Data extract.
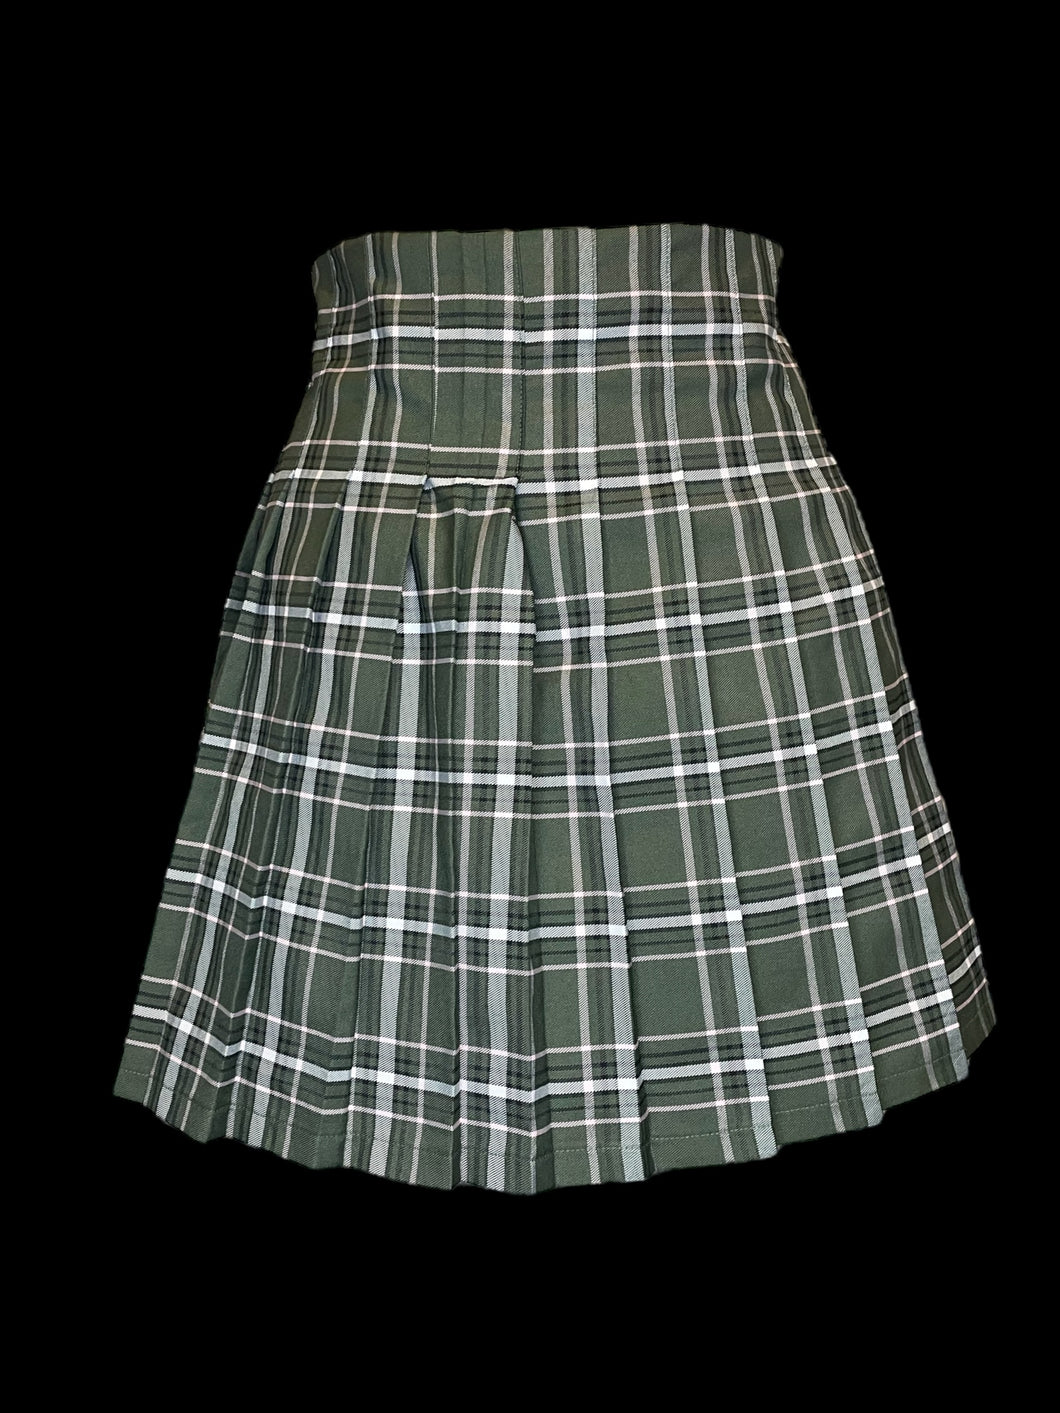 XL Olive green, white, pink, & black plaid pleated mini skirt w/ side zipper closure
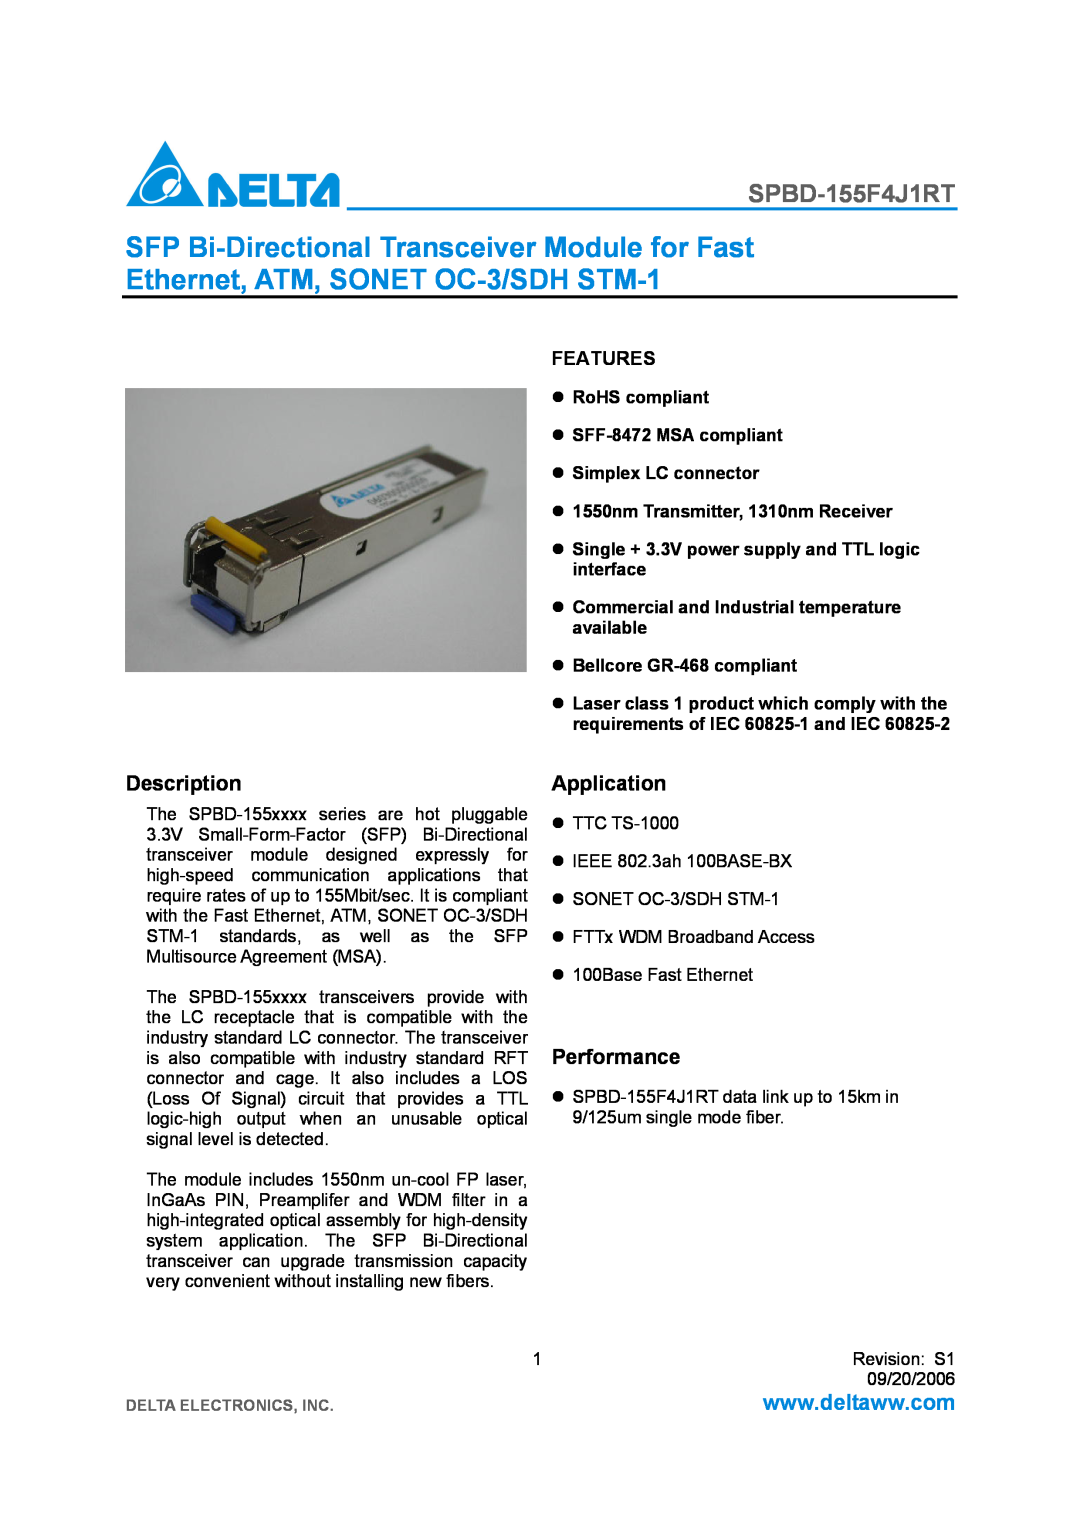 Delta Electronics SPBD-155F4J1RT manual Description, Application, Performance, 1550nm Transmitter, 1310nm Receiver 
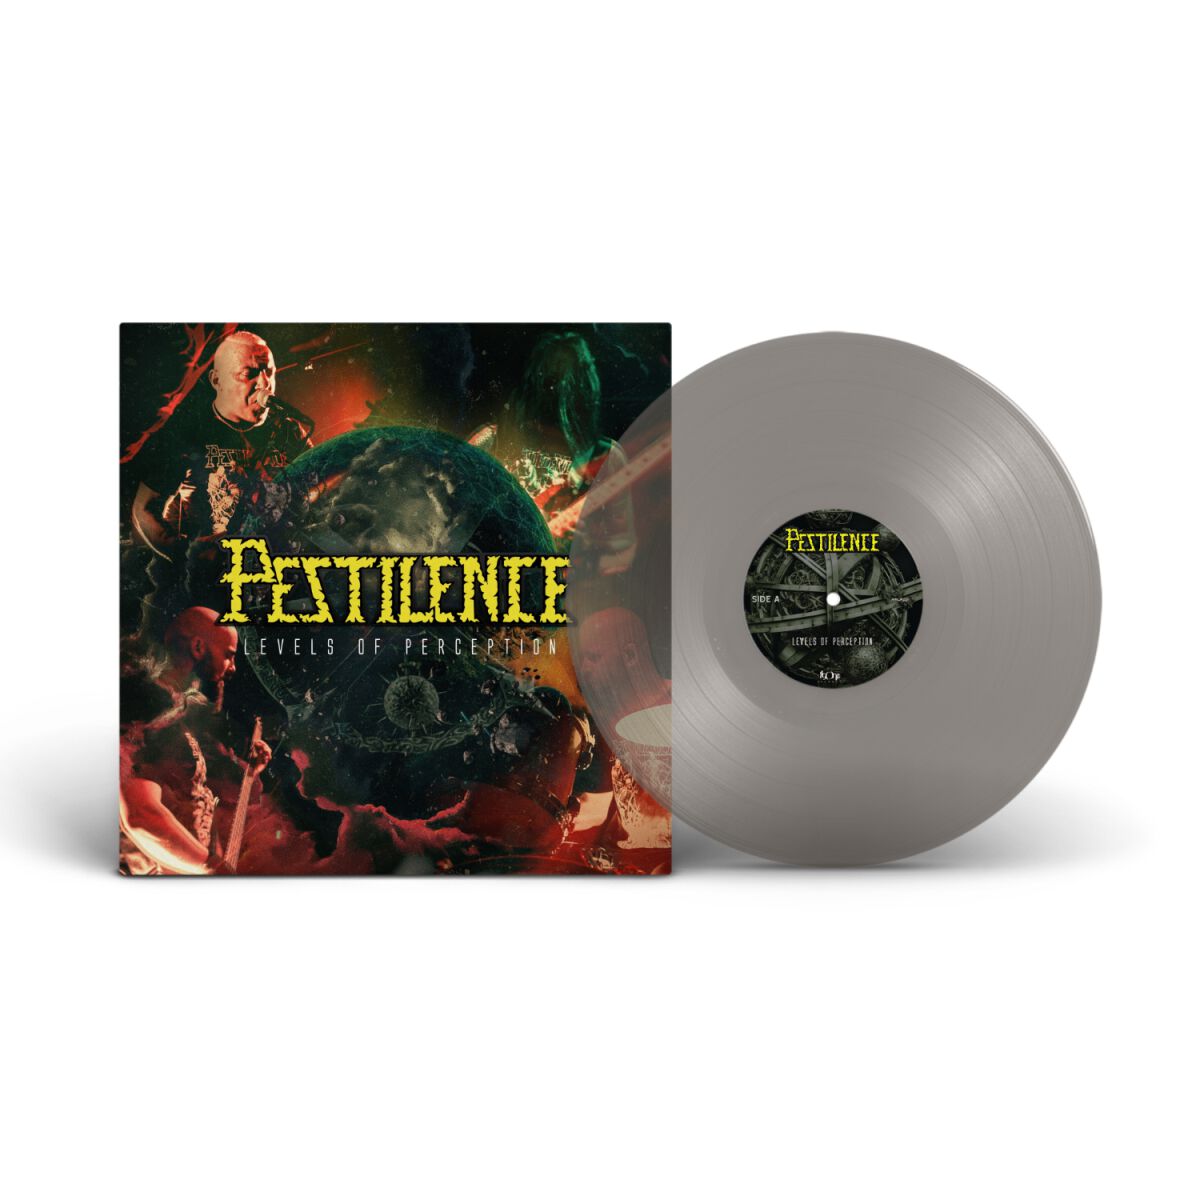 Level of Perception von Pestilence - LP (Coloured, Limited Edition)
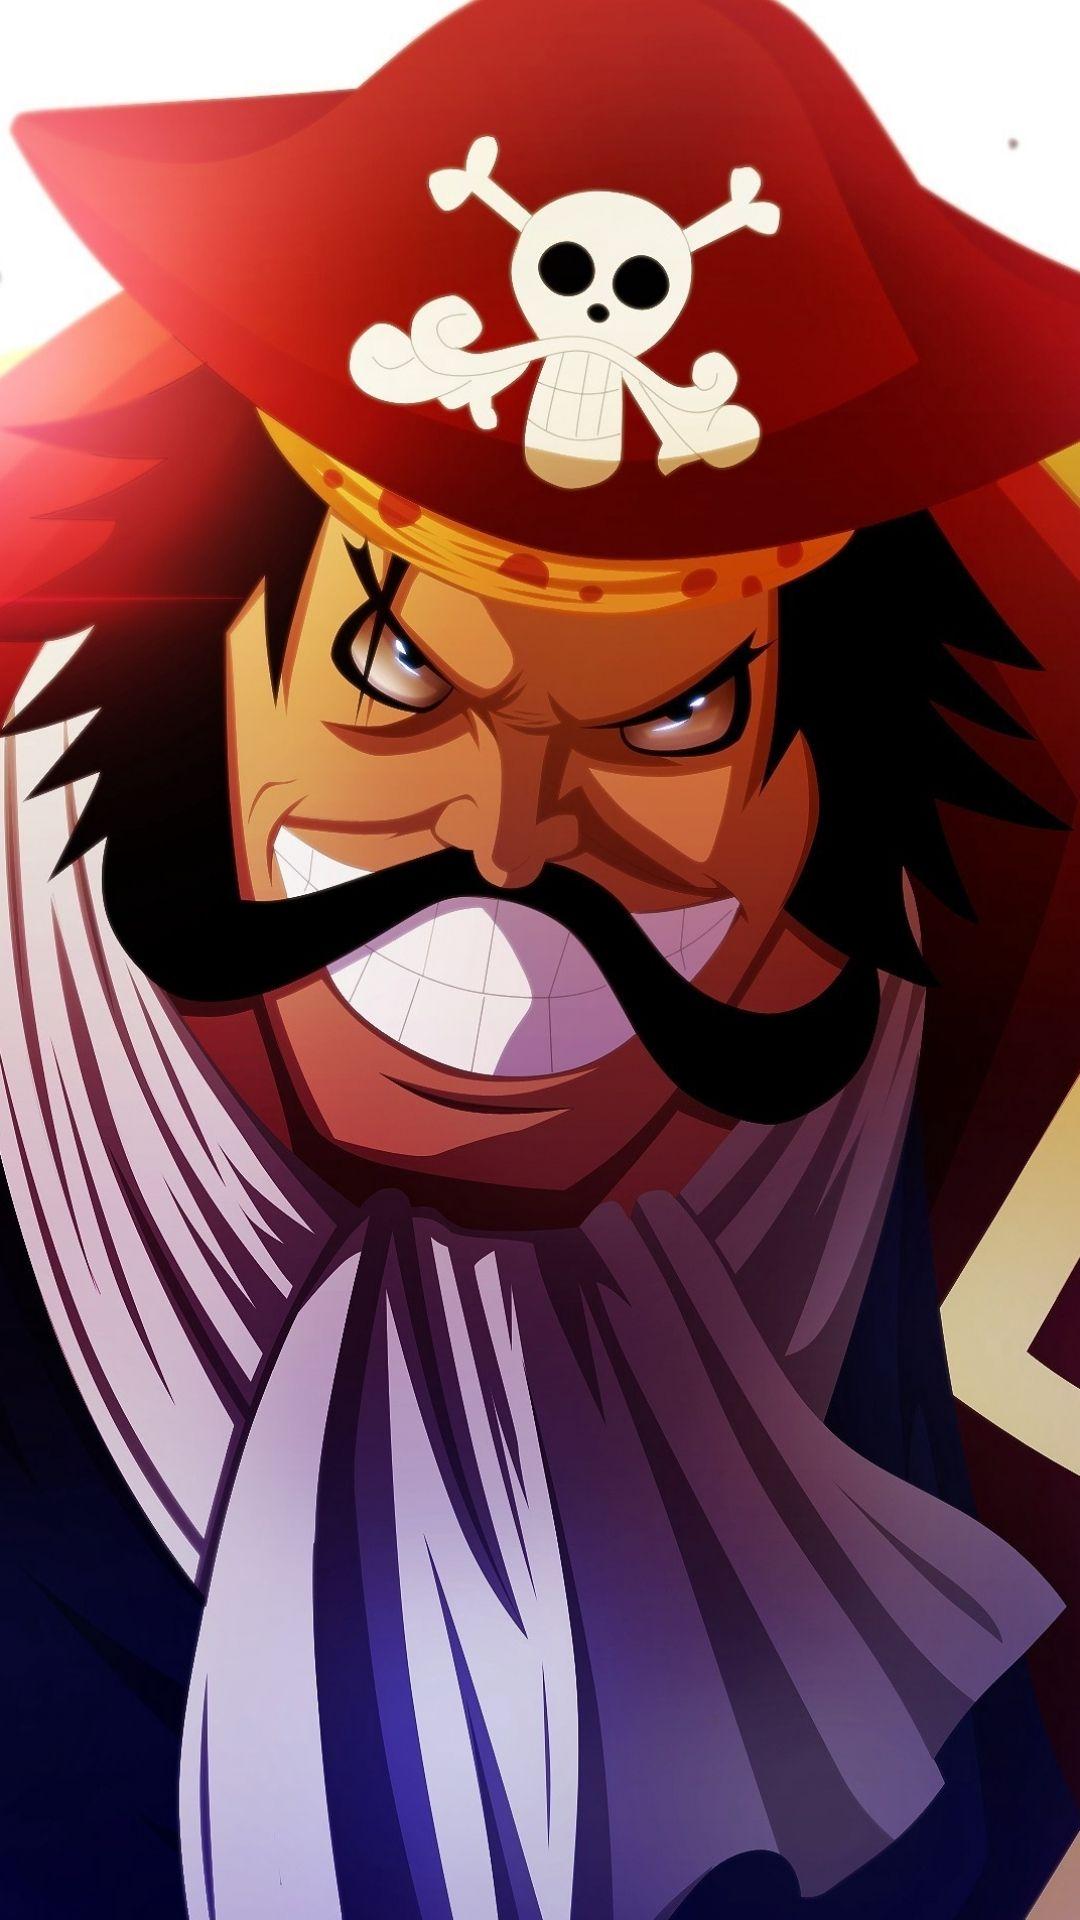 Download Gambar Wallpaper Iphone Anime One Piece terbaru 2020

Task item. Repeat all the material above exactly, apart from the pictures.

Response area.
 XL Olive green, white, pink, & black plaid pleated mini skirt w/ side zipper closure
 Delta Electronics SPBD-155F4J1RT manual Description, Application, Performance, 1550nm Transmitter, 1310nm Receiver 
 Level of Perception von Pestilence - LP (Coloured, Limited Edition)
 Download Gambar Wallpaper Iphone Anime One Piece terbaru 2020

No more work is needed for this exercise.